Maybe I had the wrong day

Five years ago today, an airplane crashed in Tripoli, Libya. Marieke Poelmann lost both of her parents and wrote a book about it. For nrc.next she interviews others who suffered the same fate. This week: Maryam Massarrat, who heard during her vacation that her father was on board of the crashed plane.

By: MARIEKE POELMANN

Today, it’s May 12th. Exactly five years after the Tripoli airplane crash where 103 people died. Among them there were seventy Dutch passengers, who were returning from their vacation in South Africa. One of them was the father of Maryam Massarrat (35). We met in Amsterdam to talk about the first moments after hearing about the crash.

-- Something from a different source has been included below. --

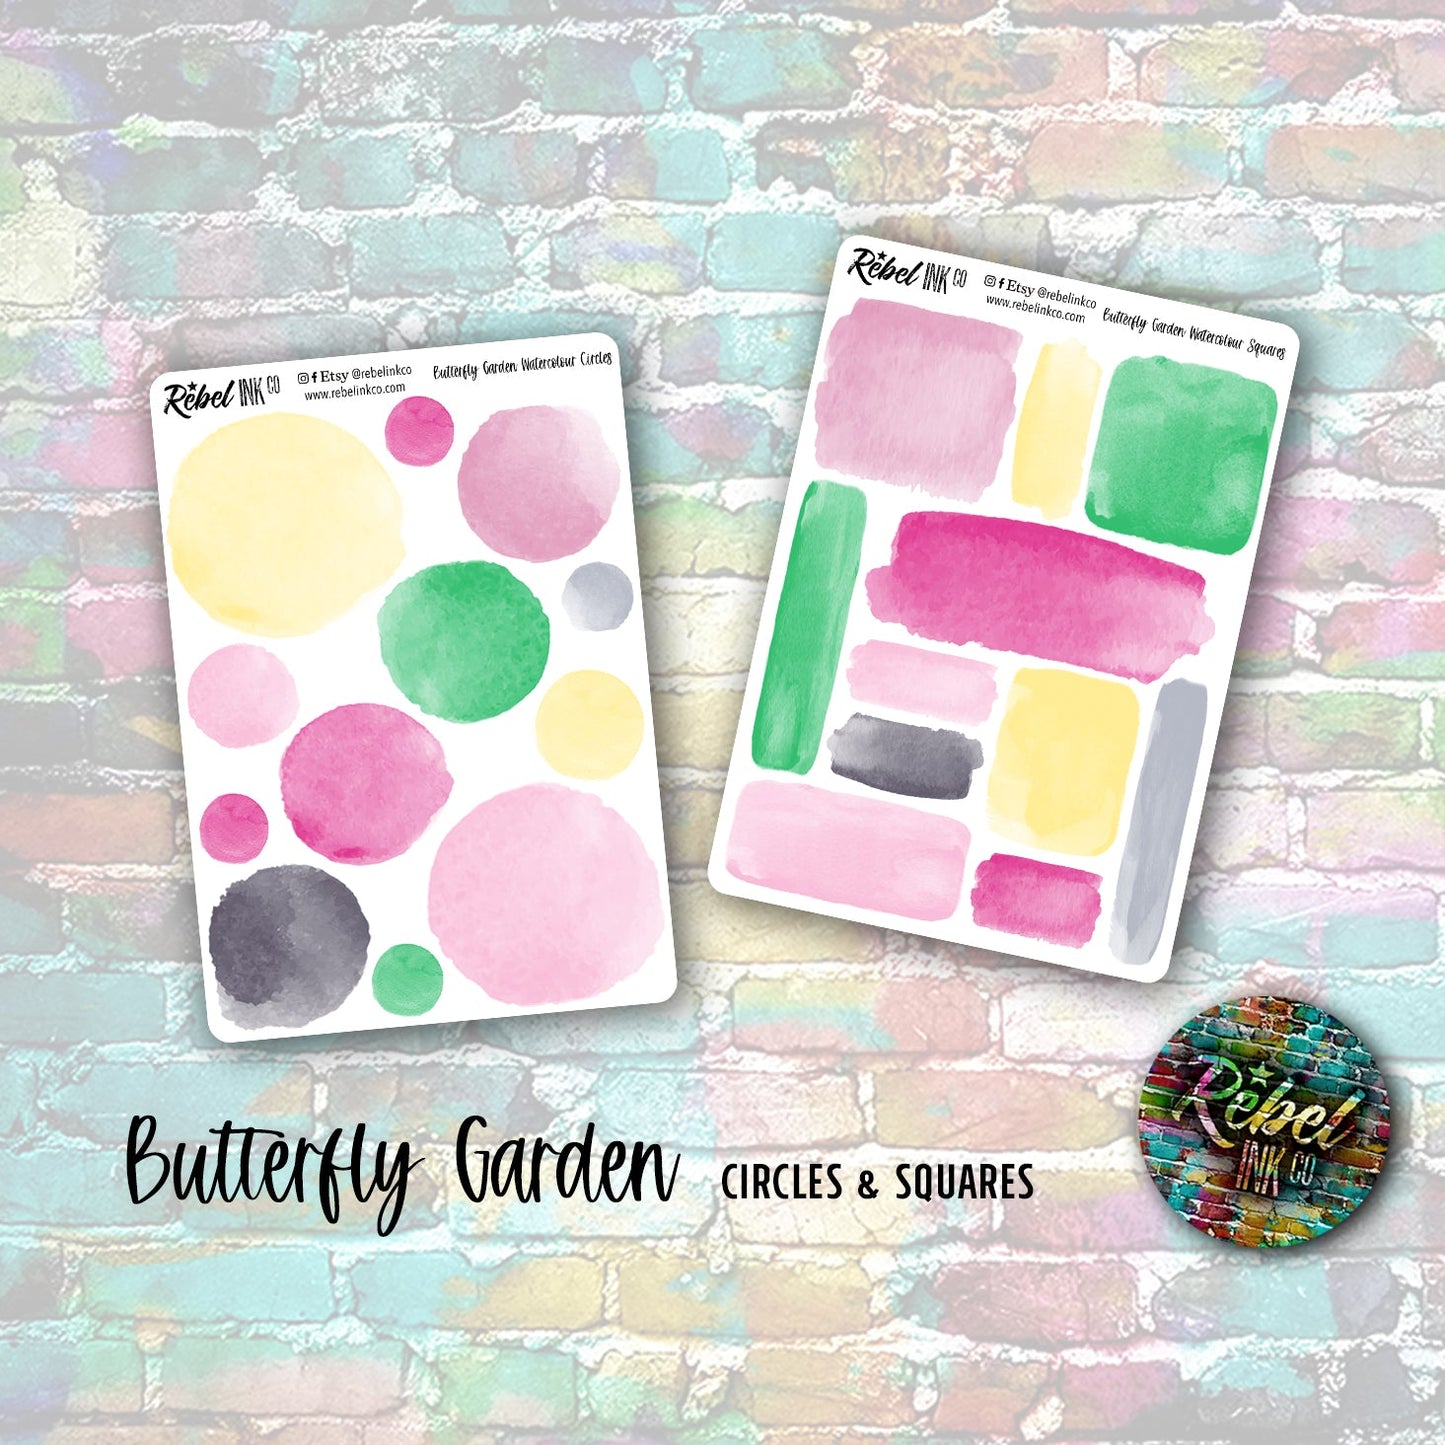 Butterfly Garden - Circles & Squares

One of the first things people always ask me, is how I heard about the accident five years ago. What happened on that day for you? 

“On May 12th 2010 I was on vacation with my sister in Iran, we were visiting my grandmother. I was supposed to stay at my uncle’s place that night and arrived at 11 pm. I never got past their garden. My family was waiting for me outside. ‘Why aren’t we going in?’, I asked them. They stopped me. I remember thinking: this isn’t a really warm welcome. ‘We have to tell you something’, my uncle said. ‘Something bad happened.’ I asked him if it was my mother, or my sister. ‘Is it dad?’, I finally asked. ‘Did his plane crash?’.

I knew my father was supposed to come home that day from his vacation in South Africa. When my uncle said yes I got dizzy. I felt this silence in my head, everything went past me. I clung onto the first thing I saw, a parked car covered in dust. I had to hold on to something. We returned to my grandmother and sister immediately. My family had booked us a flight home to The Netherlands that same night. They told me the news at the latest possible moment, just in time to catch the plane.”